4 thoughts on “Addressing legitimate counterarguments in a scientific review: The challenge of being an insider

  1. 1. Almost always regular articles contain literature reviews, however brief. The challenge applies to these as well. Thus it comes up often.
    2. One way to handle the challenge: when self-citing, write, e.g., “Gelman shows such & such.” When citing somebody else, write, e.g., “Huberman reports such and such.” When arguing with somebody else replace “reports” with “claims.”

    • Gur:

      Another complexity is that there are multiple publication outlets, and things are set up so it’s not so easy for different articles to respond to each other.

      In this case, there were four major articles:

      Pronyk et al. (2012)–this was the one that led things off, that had to be retracted because it misrepresented the results.

      Mitchell et al. (2018)–this article, which included me as a coauthor, was a kind of re-do of Pronyk et al., in that both articles were written by people connected to the Millennium Villages Project. But neither Mitchell nor I had been involved in the bad Pronyk et al. study.

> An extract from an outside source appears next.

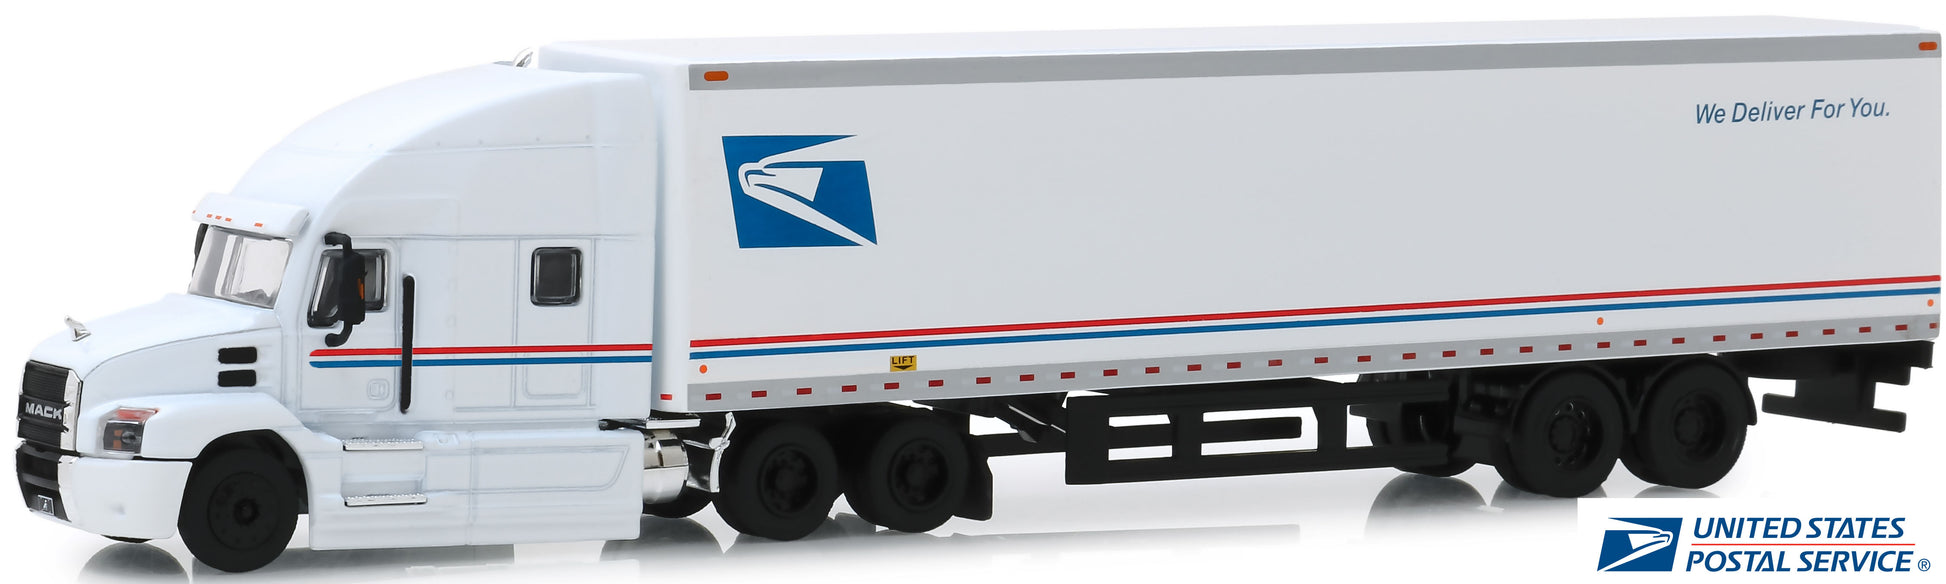 2019 Mack Anthem w/45' Dry Van "USPS - United States Postal Service" (White)
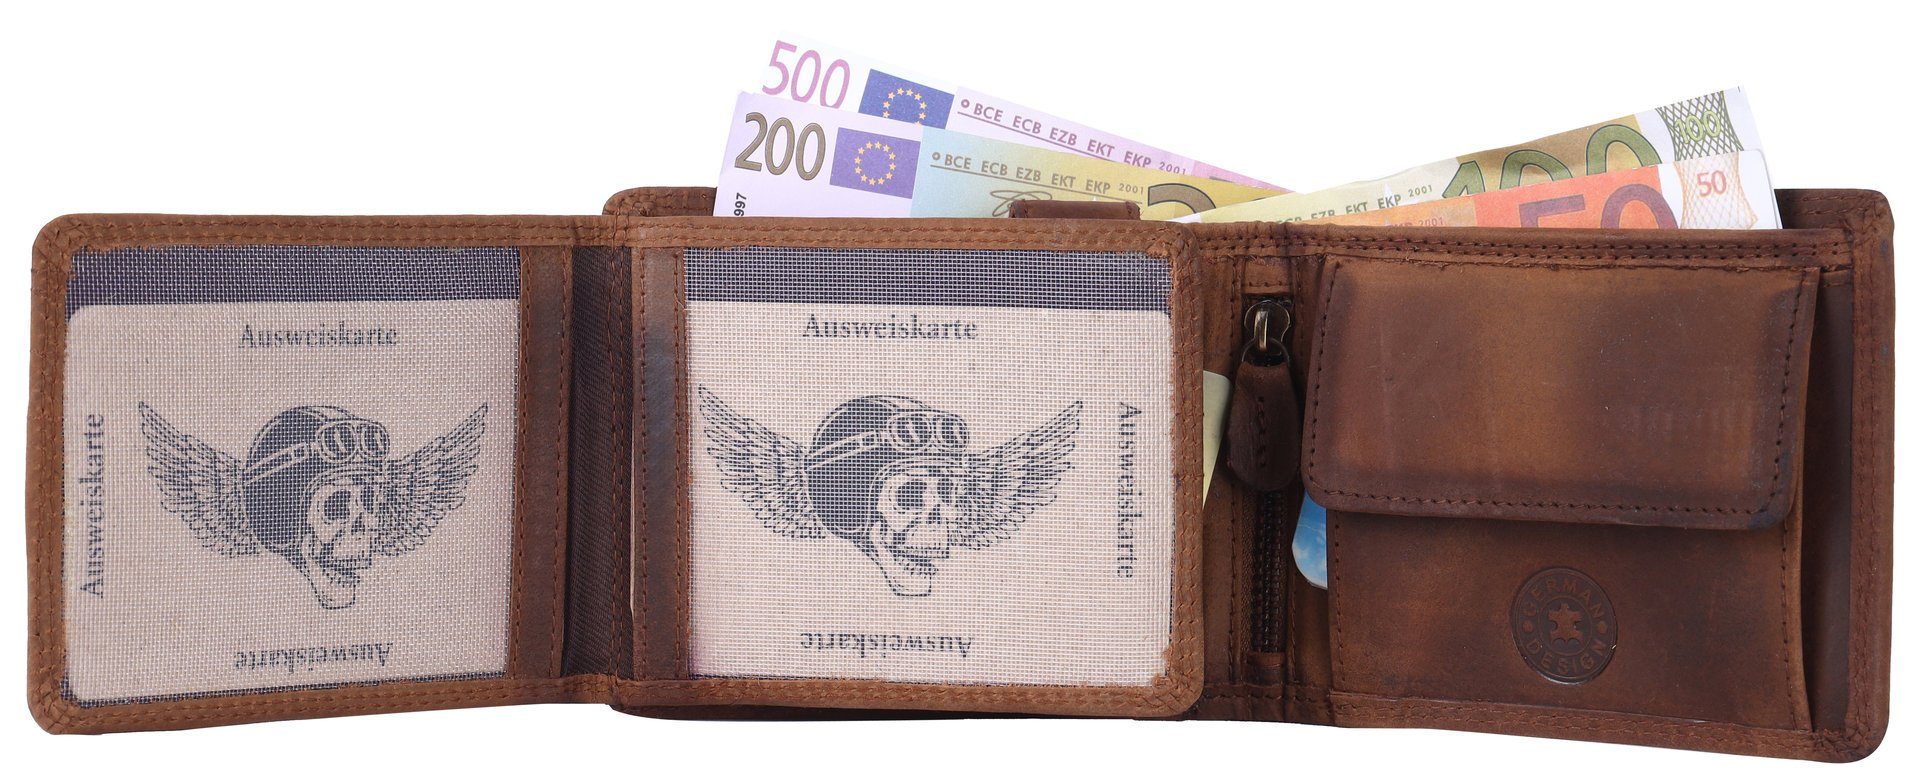 Lederbörse Herren mit Leder Brieftasche Geldbörse Portemonnaie, Männerbörse Münzfach RFID SHG Schutz Börse Büffelleder

      Masset et al. (2020)–these people were pretty harsh on the Millennium Villages Project, which is fine, but I don’t think they did any kind of serious attempt to reconcile their findings with those of Mitchell et al. (2018).

      Gelman et al. (2023)–this was the paper that I wrote (with the collaboration of Mitchell, Sachs, and Sachs) to attempt to reconcile Mitchell et al. (2018) and Masset et al. (2020), as discussed in the above post.

      Now, here’s the point. Those four articles were published in four different journals. It’s hard to get an article published, so you publish it where you can. The trouble is that it’s hard to move forward. There’s no point in talking any more about Pronyk et al. (2012), except as a cautionary tale about conflicts of interest, but the other three papers have valuable things to say. If, for example, Masset et al. wanted to follow up on our 2023 paper, they could, but they’d need to find yet another journal to publish their response.

      And now, for the punch line, the number of citations of each of these papers in Google scholar:

      Pronyk et al. (2012): 113 citations

      Mitchell et al. (2018): 58 citations

      Masset et al. (2020): 16 citations

      Gelman et al. (2023): 1 citation

      So . . . the only unambiguously bad paper in the bunch gets more citations than all the others put together. And our reconciliation, which in some ways should be the last word (so far) on the topic has only 1 citation. You can see why Masset et al. might not want to waste any time responding to it. Indeed, looking at these counts makes me wonder, first why I spent so many hours writing and revising that eventually-published-in-2023 paper, and, second, why Shira Mitchell and the rest of us spent several years on the evaluation study leading to our 2018 paper. Success is not measured in citations; still, it’s dispiriting to see such a small impact. In retrospect, maybe we should’ve figured out how to get our paper published in a medical journal. That’s how you get those big citation numbers, and maybe actual policy influence?

  2. This interests me because I nearly always write and submit as an outsider and am reviewed by insiders. Predictably, the insiders describe my contribution as uninformed and therefore misguided, as if the only reason I don’t share their perspective is that I lack the background. Of course, my reading of the prior literature sometimes omits important stuff, but that’s generally not the reason I take the positions I do.

    Stepping outside my frustration, I try to imagine what a journal editor should do. The obvious solution would be to pull together a mixed team of reviewers, including both insiders and outsiders. The problem I think an editor would have, however, is figuring out which outsiders are qualified to do this. Also, non-insiders are much more likely to refuse the assignment. So there may be no practical solution. If so, this is another argument for lighter vetting prepub and much heavier evaluation postpub.